▶ _Extracted records_
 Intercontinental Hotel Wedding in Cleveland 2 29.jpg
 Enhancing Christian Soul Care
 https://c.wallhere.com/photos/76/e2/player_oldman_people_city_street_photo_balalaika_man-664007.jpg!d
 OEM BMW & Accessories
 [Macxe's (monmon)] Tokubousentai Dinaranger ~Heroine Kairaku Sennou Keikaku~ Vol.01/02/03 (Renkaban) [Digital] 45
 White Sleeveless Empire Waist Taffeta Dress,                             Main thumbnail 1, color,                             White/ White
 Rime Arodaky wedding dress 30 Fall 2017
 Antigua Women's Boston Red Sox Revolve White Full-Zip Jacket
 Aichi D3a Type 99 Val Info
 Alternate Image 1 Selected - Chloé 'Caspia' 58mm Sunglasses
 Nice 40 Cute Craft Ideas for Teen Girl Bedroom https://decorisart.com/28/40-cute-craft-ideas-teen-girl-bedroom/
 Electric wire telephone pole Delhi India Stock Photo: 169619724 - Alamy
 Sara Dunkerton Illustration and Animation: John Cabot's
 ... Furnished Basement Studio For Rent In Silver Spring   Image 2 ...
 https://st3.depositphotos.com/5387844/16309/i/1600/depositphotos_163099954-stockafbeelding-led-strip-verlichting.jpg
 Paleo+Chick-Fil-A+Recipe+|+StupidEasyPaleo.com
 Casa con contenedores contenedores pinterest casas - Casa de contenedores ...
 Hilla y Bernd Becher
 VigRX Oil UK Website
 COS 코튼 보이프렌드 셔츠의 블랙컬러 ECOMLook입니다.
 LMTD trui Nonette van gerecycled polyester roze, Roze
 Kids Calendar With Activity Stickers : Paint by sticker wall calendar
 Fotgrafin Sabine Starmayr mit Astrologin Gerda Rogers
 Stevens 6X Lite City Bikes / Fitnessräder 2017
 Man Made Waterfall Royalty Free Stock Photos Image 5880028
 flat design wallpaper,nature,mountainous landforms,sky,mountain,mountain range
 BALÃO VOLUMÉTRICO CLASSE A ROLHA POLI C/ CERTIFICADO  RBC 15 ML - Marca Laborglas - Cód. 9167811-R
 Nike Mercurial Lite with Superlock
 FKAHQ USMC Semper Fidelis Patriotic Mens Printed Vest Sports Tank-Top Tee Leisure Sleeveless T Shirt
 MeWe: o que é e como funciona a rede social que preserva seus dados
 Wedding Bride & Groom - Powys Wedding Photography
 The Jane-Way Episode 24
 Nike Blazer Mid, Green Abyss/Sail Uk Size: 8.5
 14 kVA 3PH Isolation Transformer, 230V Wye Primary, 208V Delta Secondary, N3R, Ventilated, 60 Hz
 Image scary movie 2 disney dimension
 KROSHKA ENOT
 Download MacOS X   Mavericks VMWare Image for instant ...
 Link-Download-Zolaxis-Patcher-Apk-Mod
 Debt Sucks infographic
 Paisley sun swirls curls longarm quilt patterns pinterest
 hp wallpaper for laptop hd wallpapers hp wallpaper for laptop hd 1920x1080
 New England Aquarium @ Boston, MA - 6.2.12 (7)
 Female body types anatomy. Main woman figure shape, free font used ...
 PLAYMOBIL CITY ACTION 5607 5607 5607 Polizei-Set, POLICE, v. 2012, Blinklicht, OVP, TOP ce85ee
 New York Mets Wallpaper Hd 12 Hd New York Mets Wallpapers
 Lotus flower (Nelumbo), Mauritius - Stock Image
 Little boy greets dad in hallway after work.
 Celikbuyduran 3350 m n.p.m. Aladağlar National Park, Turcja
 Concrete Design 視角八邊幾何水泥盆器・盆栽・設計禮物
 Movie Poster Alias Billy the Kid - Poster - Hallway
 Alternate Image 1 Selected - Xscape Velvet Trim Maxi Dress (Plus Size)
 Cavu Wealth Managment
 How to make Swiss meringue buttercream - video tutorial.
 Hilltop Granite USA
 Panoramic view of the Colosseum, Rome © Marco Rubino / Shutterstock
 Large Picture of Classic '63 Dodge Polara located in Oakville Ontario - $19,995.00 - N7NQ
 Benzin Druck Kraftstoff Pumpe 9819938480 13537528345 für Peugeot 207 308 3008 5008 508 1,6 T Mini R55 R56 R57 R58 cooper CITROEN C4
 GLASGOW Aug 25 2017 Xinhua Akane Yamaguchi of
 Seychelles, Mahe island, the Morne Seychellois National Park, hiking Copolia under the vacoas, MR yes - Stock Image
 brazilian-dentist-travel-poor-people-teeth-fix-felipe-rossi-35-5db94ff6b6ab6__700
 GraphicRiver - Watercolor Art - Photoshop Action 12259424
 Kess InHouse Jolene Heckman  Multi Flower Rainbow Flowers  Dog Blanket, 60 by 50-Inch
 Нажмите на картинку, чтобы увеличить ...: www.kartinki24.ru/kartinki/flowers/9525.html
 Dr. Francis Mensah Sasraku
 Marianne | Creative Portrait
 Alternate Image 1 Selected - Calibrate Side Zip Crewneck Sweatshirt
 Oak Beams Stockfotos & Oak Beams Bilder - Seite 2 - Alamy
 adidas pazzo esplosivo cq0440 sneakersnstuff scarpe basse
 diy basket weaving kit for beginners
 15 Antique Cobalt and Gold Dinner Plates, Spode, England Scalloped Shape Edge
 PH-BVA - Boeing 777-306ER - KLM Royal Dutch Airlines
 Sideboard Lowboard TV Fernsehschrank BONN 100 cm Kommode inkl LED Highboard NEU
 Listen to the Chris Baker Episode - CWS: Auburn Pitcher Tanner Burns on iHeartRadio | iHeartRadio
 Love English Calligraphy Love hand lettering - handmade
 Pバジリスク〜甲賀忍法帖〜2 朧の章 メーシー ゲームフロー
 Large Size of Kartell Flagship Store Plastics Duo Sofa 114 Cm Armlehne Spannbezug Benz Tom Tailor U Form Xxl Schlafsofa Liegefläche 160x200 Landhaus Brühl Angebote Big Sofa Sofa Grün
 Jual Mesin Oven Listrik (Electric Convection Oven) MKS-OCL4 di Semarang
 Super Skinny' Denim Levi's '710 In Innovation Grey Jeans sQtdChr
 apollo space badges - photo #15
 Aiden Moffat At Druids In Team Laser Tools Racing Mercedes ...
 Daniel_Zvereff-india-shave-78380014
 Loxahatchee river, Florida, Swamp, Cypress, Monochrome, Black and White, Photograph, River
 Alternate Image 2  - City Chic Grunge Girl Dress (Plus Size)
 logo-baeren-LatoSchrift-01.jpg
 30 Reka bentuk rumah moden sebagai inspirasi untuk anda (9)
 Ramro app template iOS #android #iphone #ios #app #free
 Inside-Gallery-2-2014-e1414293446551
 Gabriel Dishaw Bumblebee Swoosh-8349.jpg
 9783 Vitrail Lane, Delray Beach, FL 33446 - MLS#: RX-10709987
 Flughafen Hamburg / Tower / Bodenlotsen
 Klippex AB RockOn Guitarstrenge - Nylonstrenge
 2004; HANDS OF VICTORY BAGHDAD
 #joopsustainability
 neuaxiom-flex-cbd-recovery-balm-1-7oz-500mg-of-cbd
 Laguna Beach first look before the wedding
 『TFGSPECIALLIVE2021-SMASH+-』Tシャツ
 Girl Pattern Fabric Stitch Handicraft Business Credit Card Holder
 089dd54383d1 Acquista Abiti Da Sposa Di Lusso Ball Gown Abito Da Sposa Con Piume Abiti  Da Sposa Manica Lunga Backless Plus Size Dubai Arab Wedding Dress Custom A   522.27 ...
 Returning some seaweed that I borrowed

▶ _Problem statement_
From the records above, transcribe exactly the run of lines that opens with the line holding "Нажмите на картинку, чтобы" and closes with the line holding "Sideboard Lowboard TV", both included.

▶ _Solution to this problem_
 Нажмите на картинку, чтобы увеличить ...: www.kartinki24.ru/kartinki/flowers/9525.html
 Dr. Francis Mensah Sasraku
 Marianne | Creative Portrait
 Alternate Image 1 Selected - Calibrate Side Zip Crewneck Sweatshirt
 Oak Beams Stockfotos & Oak Beams Bilder - Seite 2 - Alamy
 adidas pazzo esplosivo cq0440 sneakersnstuff scarpe basse
 diy basket weaving kit for beginners
 15 Antique Cobalt and Gold Dinner Plates, Spode, England Scalloped Shape Edge
 PH-BVA - Boeing 777-306ER - KLM Royal Dutch Airlines
 Sideboard Lowboard TV Fernsehschrank BONN 100 cm Kommode inkl LED Highboard NEU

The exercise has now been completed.